Выбрать главу

– Лица! Я не боюсь вас, лица! – крикнула она, и вместе с ее криком в свежем морозном воздухе, под ветвями голых лиственниц, раздался еще один крик – тонкий, нежненький, маленький, будто зверок закряхтел. Она извернулась, застонала, перекатилась на бок, осторожно отвела ногу от живого, винно-красного комка, бьющегося и плачущего под ней, под ее костями, обтянутыми гусиной кожей. Только бы не раздавить. Очень осторожно, нежно, затаив дыханье, до крови закусив губу, она села на земле, помогая себе изо всех сил ослабелыми руками, и взяла в руки ребенка. Мальчик?.. Девочка. Несчастная, сиротливая щелочка, отверстие страданья, зияла между красных сучащих ножек.

– Бедная моя!.. – выдохнула мать.

Она взяла ребенка в дрожащие, потерявшие волю руки. Пуповина моталась кровавой веревкой. Она наклонила непослушную, разбитую о камень голову и перегрызла нить, соединявшую ее с ее дочерью. Перевязать бы… она выдернула дрожащими крючьями пальцев суровую нить из рваного подола рубахи. Замотала кровоточащий отросток. Девчонку надо как-то назвать. Здесь много заключенных священников, вот пускай и покрестят. А ей что. Последнее разуменье боль выдула из нее. Напрочь – как ветер на Секирке. Как белый небесный сквозняк.

– На грудь!.. На!.. что не берешь?.. пусто?.. невкусно?!..

Она пыталась засунуть ей пустой страдальный сосец в орущий круглый, копеечкой, ротик, – ребенок плевал угощенье, отворачивал головенку, не хотел, дергался, извивался красной ящеркой. Господи, как холодно. Она внезапно поняла, что – холодно. Что мороз и лед кругом. И надо спасти. Выжить. Прижать…

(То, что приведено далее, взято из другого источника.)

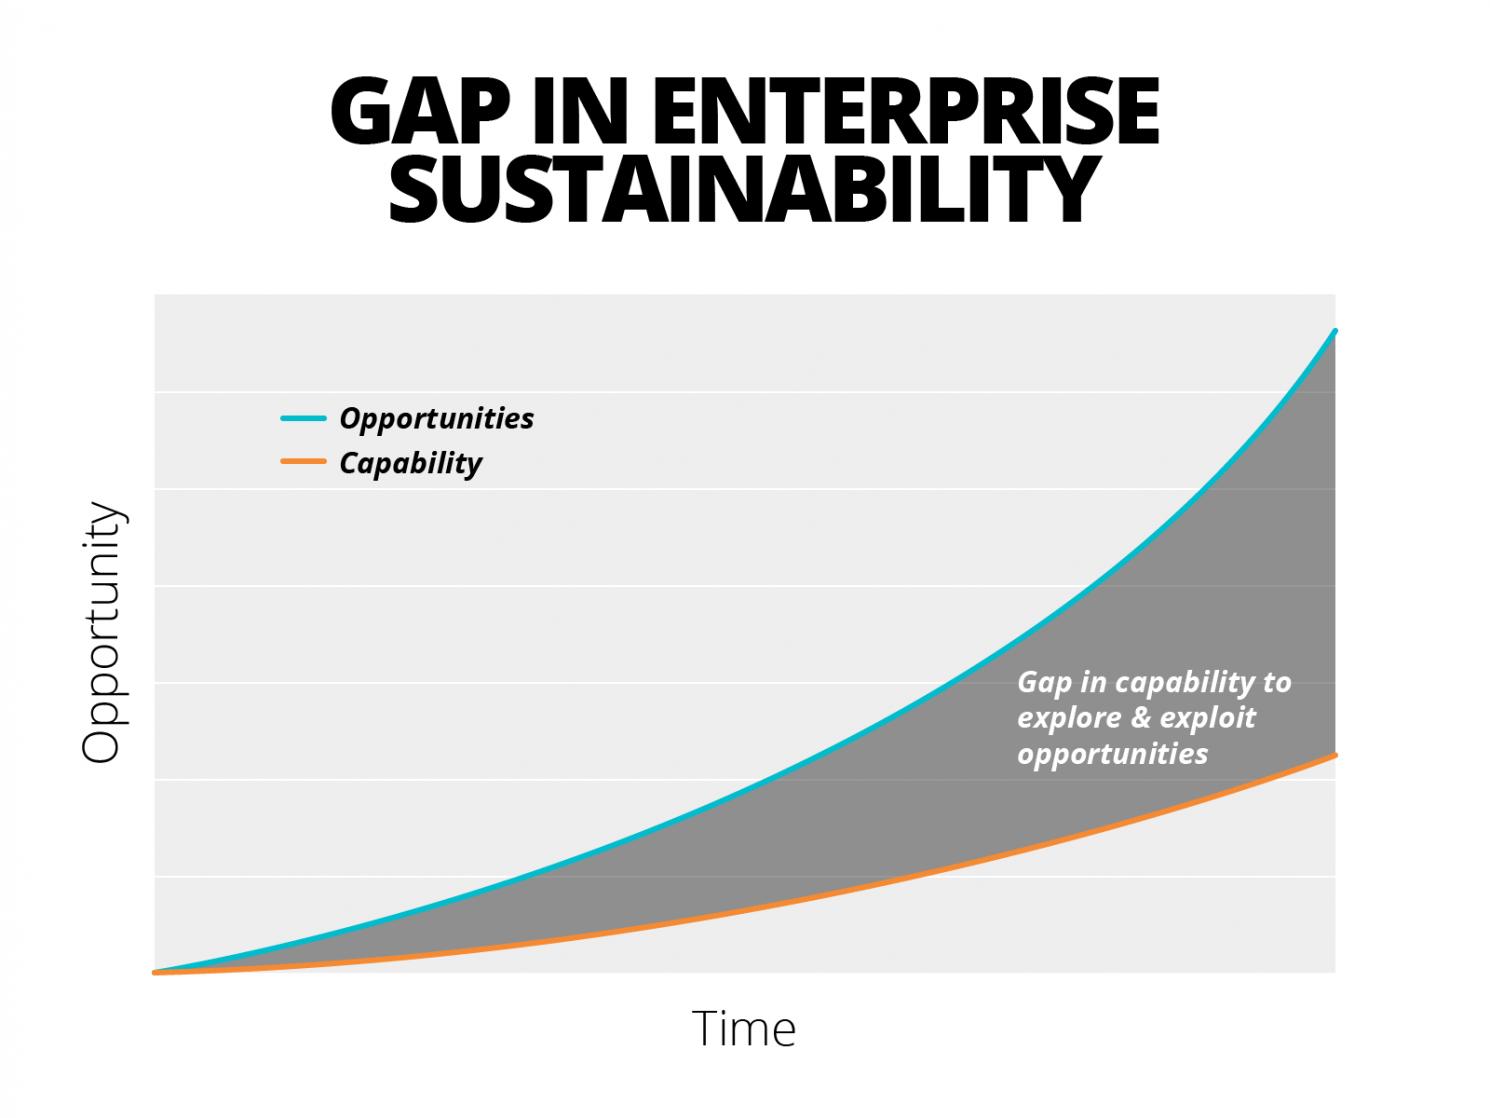 Gap in enterprise sustainability
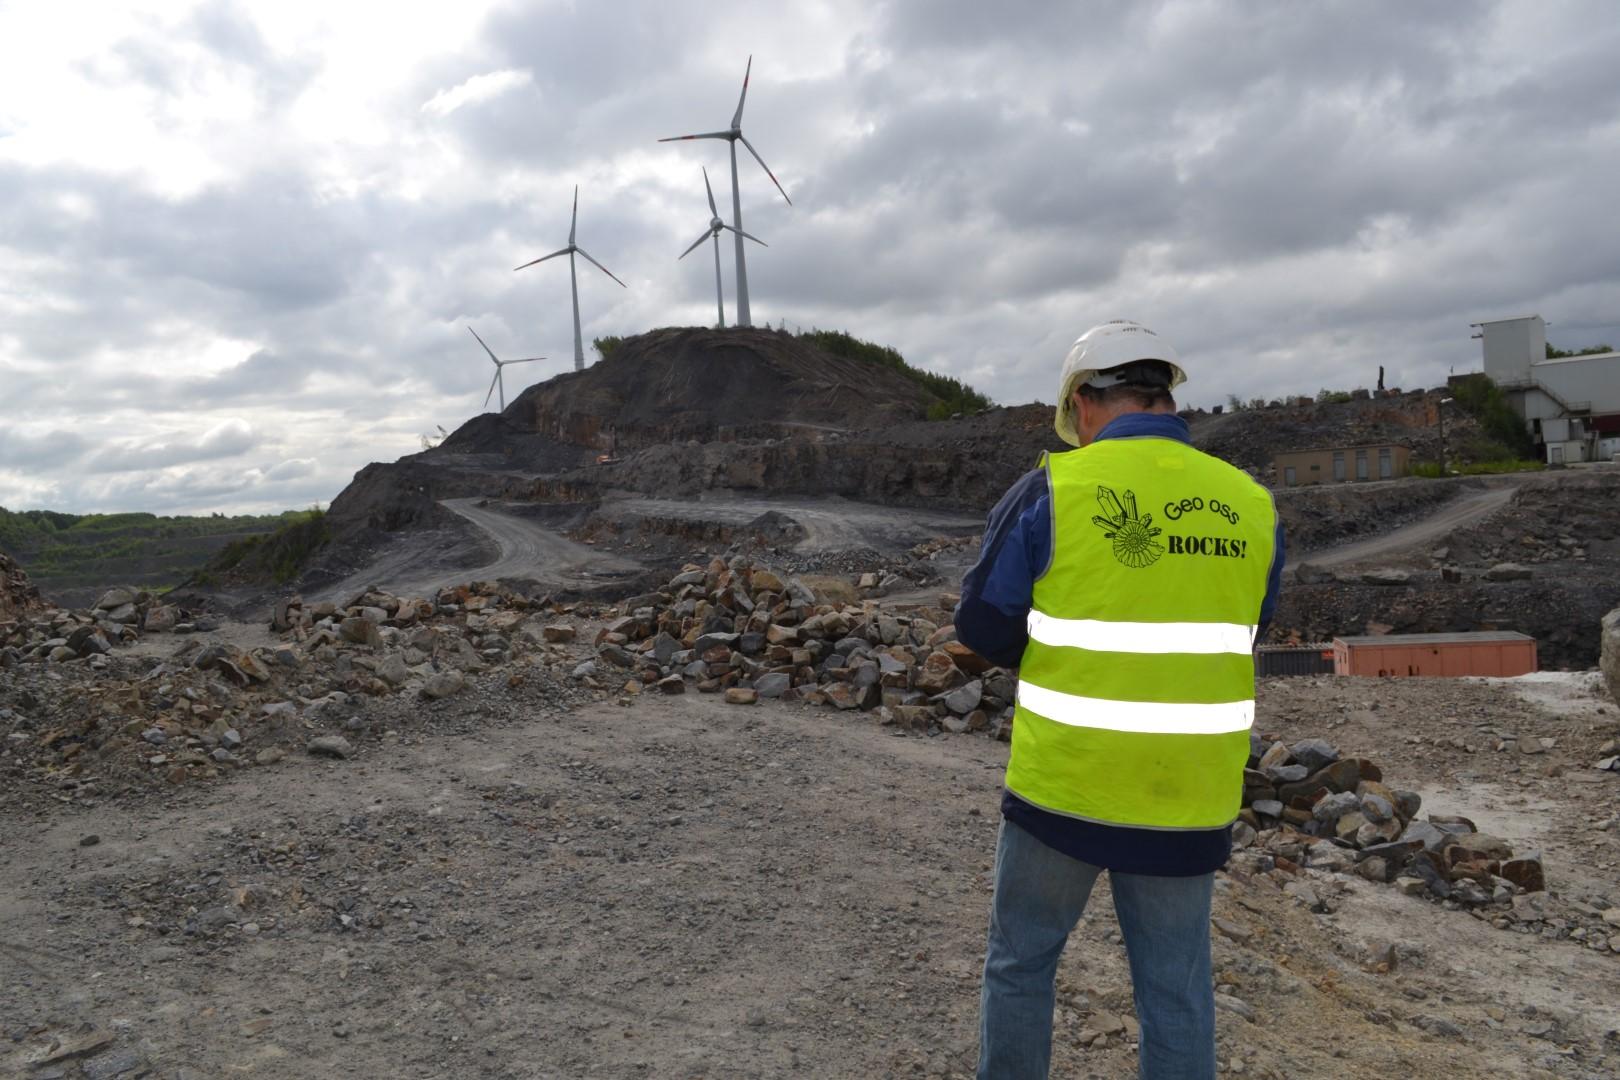 Geo Oss donateur in de groeve Piesberg te Duitsland.

Рубаха! Содрать с себя рубаху! Она закутает ребенка в рубаху, а сама хоть гори синим пламенем! Девочка будет закутана… а она…

Она, задыхаясь, положив младенца на колени, начала резко, зло срывать с себя жалкие, мотающиеся на низовом морском ветру бедняцкие тряпки. Девочка прекратила плакать и пищать. Разевала беззвучно ротик. Покряхтывала. Мать бестолково, неумело закутывала крючившееся тельце, пеленала, заворачивала, укрывала от ветра – всем теплом нищих тряпиц, всей грудью и сгорбленной спиной, всем голым, раскрылившимся над малым птенцом костлявым телом. Тело смертно. Оно умрет. Дитя, ты не умрешь. Ты будешь жить. Будешь. Будешь. Сейчас будет тепло. Вот так хорошо. И еще здесь подоткнуть. Чтоб ветер когтем не достал. Вот так. Так.

Ее так и нашли на вершине Секирки, за белыми лысыми валунами – голую, сгорбленную на морозе, застывшую глыбой костлявого изработанного камня над закутанной в тряпье девочкой, слабо попискивавшей, подающей нежный птичий голосок из кучи подталой, выпачканной углем и кровью грязной белизны.

Солдат выстрелил последний раз и бросил карабин.

Закончились патроны.

Закончилось для него все. Жизнь закончилась.

Выла и дула беловолосая метель. Ветер в горах – страшное дело. Обморозишься хуже, чем на море. Загубишь и щеки, и лоб, и нос, а уж о руках и ногах говорить нечего. У него нет еды, нет укрытья рядом – ни блиндажа, ни траншеи. Он отбивался один, пока хватило гранат, привязанных к ремню, и патронов в подсумке. Теперь все. Его подстрелят, как глухаря.

В широко открытых навстречу набухшему рваными черными тучами небу вспыхнул огонь красной, волчьей тоски.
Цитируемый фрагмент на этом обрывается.